Through the Screening of "Looking for My Mother" and the Broadcast of the Engaged Clip "Mchiti w Khalitini", Enda Inter-Arabe Offers a Meeting Where the Intimate Meets the Collective
A work born from a life experience that questions abandonment, identity search, and affirms the citizen role of art as a space of resilience and social transformation.
The Press — There are works that do not arise from a simple artistic impulse, but from an intimate flaw. Works that carry within them a wound, a quest, a restrained cry.
The screening of the documentary "Looking for My Mother", followed by the broadcast of the engaged clip "Mchiti w Khalitini", falls within this rare dimension where art becomes both testimony, reparation, and civic act.
A Moment of Collective Reflection
On Friday, February 13th at 4:00 PM, at the Espace El Kahina, Enda Inter-Arabe proposes more than a screening session: a moment of collective reflection on abandonment, childhood, and the search for origins. Directed by Anis Lassoued, the documentary retraces the intimate journey of Moez Chriti, a young artist in search of his biological mother. A personal quest that goes beyond individual narrative to question social silences, stigmas, and norms surrounding abandonment.

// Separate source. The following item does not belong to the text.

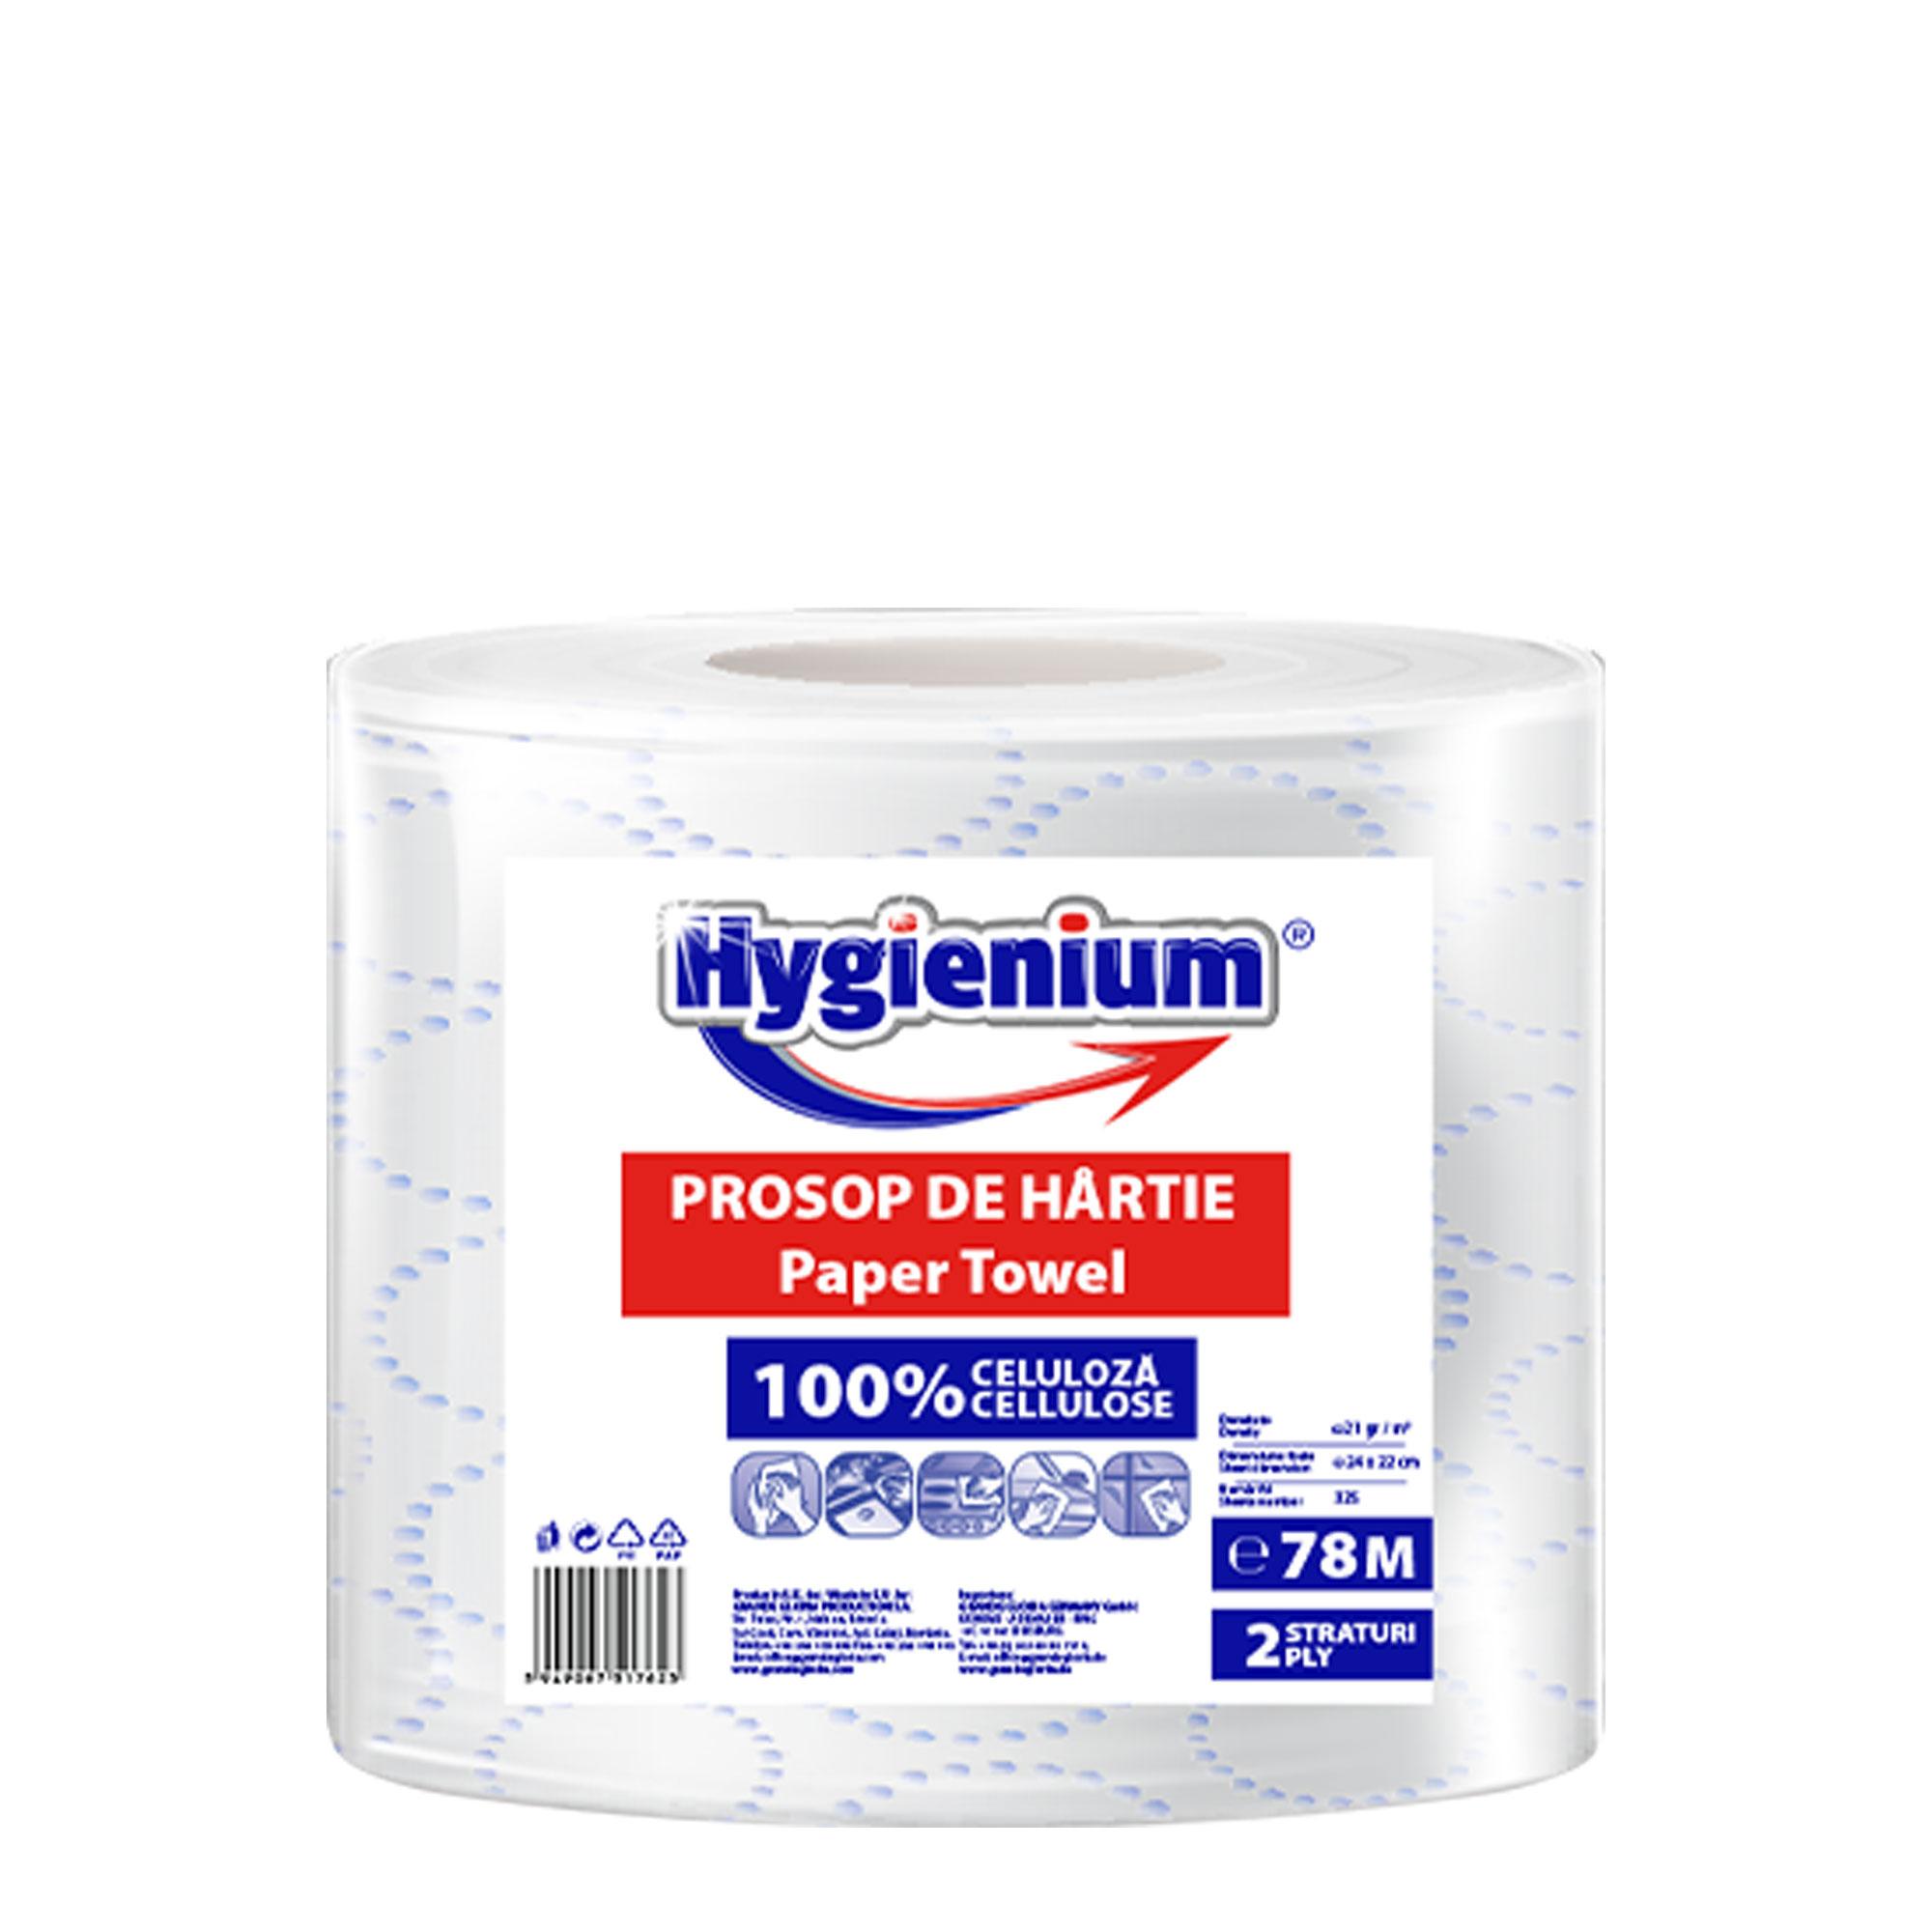 Hygienium Handtuchpapier 78 m

From Suffering to Creative Force
From this journey was born "Mchiti w Khalitini" (You left and you left me), a clip carried by Moez Chriti and Haroun Hamza. Far from a simple musical project, the work imposes itself as the culmination of a path of resilience. Each note, each image carries the memory of an absence transformed into creative force. Supported by Enda Inter-Arabe, this creation testifies to the ability of art to metamorphose pain into public speech.
A Complete Reading of the Process
By showing the documentary first, then the clip as an artistic extension of this story, the event proposes a complete reading of the process: from lived experience to its aesthetic transfiguration. Art appears as a space of reconstruction, but also as a tool for social questioning.
Interactive Debate
The meeting, open to the public and particularly to journalists, producers, cultural actors, and opinion leaders, will continue with an interactive debate in the presence of Moez Chriti and filmmaker Anis Lassoued. The exchanges will focus on the weight of social norms related to abandonment, identity search, the need for recognition, but also on the civic responsibility of artistic creation. How can art break the silence? How can it transform looks and open spaces of empathy?
Culture as a Lever of Emancipation
Through this initiative, Enda Inter-Arabe reaffirms its conviction that culture is not a luxury, but a lever of emancipation. By accompanying fragile life trajectories and offering them a space of expression, the organization reminds us that commitment can take the form of a film, a song, a testimony — and that creation, when it is nourished by reality, becomes a profoundly political act in the noble sense of the term: that which connects the individual to the city.